We have added this interpretation to the Discussion:

“An explanation for efficient apicoplast inheritance in the ∆CAP line, despite loss of the visible actin polymerisation centre, could be that F-actin dynamics are not completely abrogated. It is a possibility that Formin 2-mediated actin nucleation is still occurring in this region and is sufficient to ensure apicoplast segregation.”

While it would be interesting to analyse and compare F-actin dynamics in these mutants in more detail, within this study, it is in my opinion sufficient to weaken the discussion accordingly (see below).

A major concern is the invasion assay employing Cb-EmeraldFP parasites. While the authors show convincingly that the junction is formed using the junctional marker Ron4 (Figure 8H), this is expected, since depletion of actin (or other components of the acto-myosin system) has no influence on junction formation (Whitelaw et al., 2017; Egarter et al., 2014).

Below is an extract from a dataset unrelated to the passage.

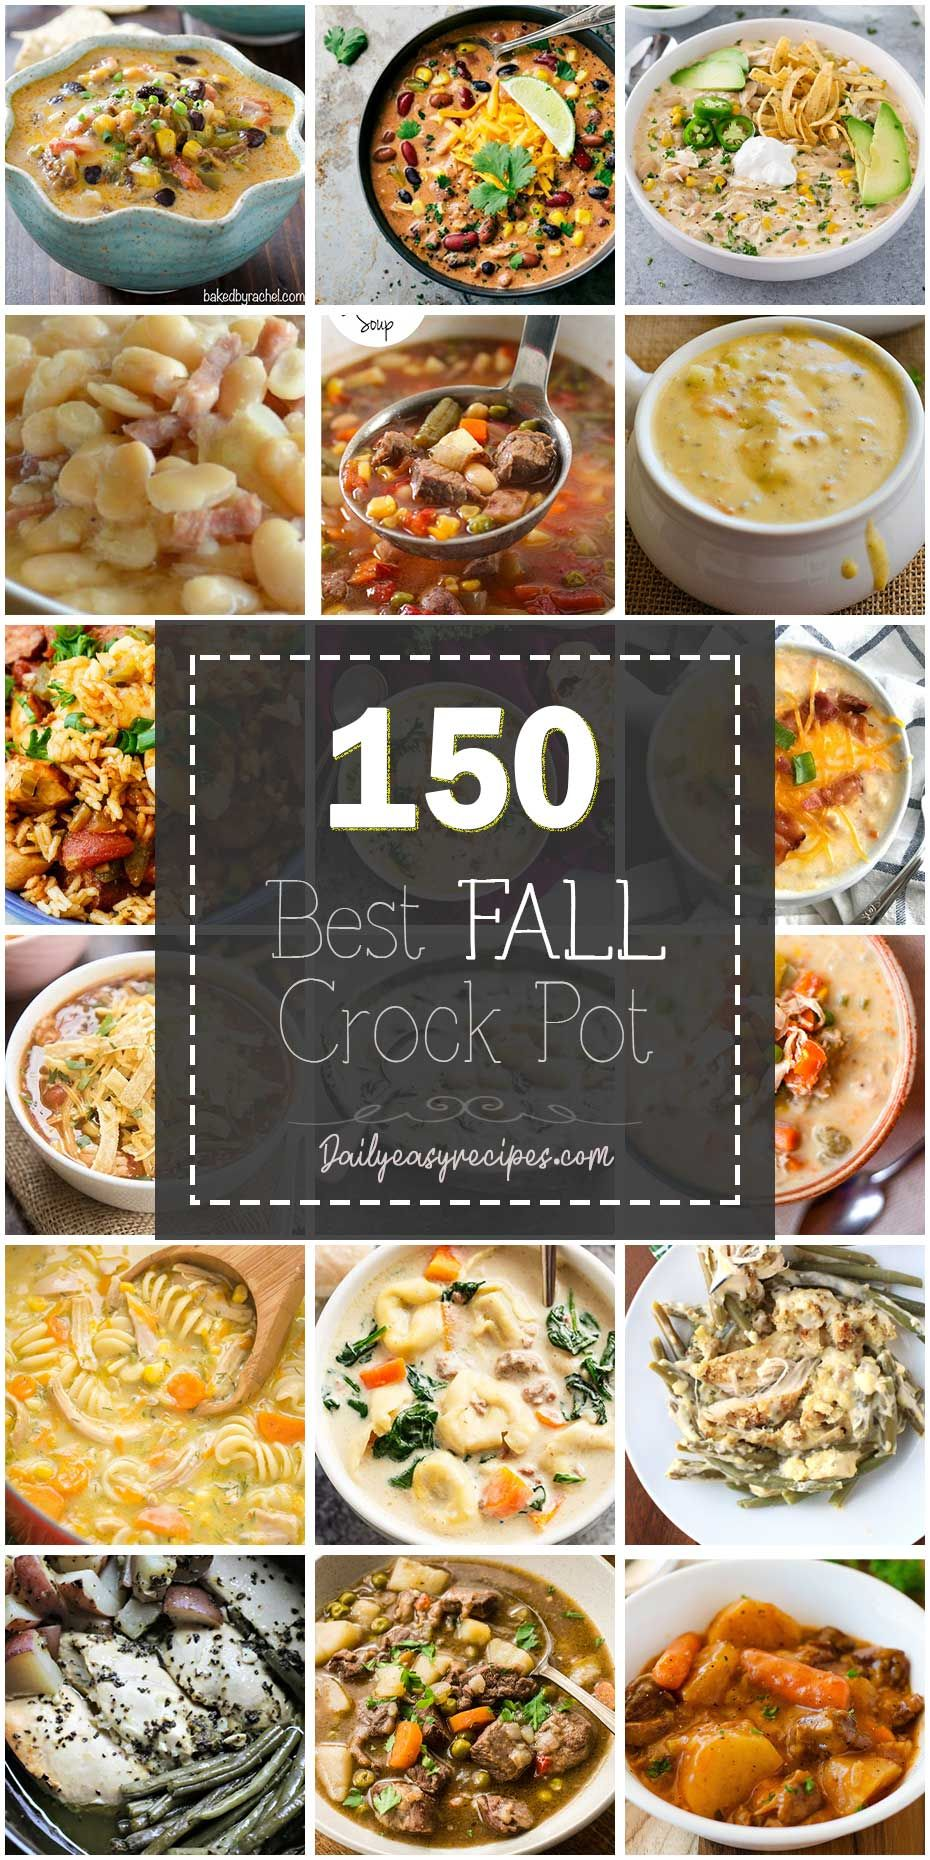 150 Best Fall Crockpot Recipes #crockpotmeals

However, the images provided in Figure 8G, indicating F-actin accumulation at the junction, are not convincing and the signal could well be due to a compression effect at the junction during invasion. Also, potential differences in F-actin accumulation at the junction need to be compared with WT parasites. Since this would be a longer endeavour and would not significantly add to the current study, this reviewer suggests to remove this set of data until a more convincing analysis has been performed.

We agree that this set of data does not significantly add to the current study and would require considerable further experimentation to provide reasonable insight. As such, Figure 8G and H have been removed, as well as associated text in the Results and Discussion.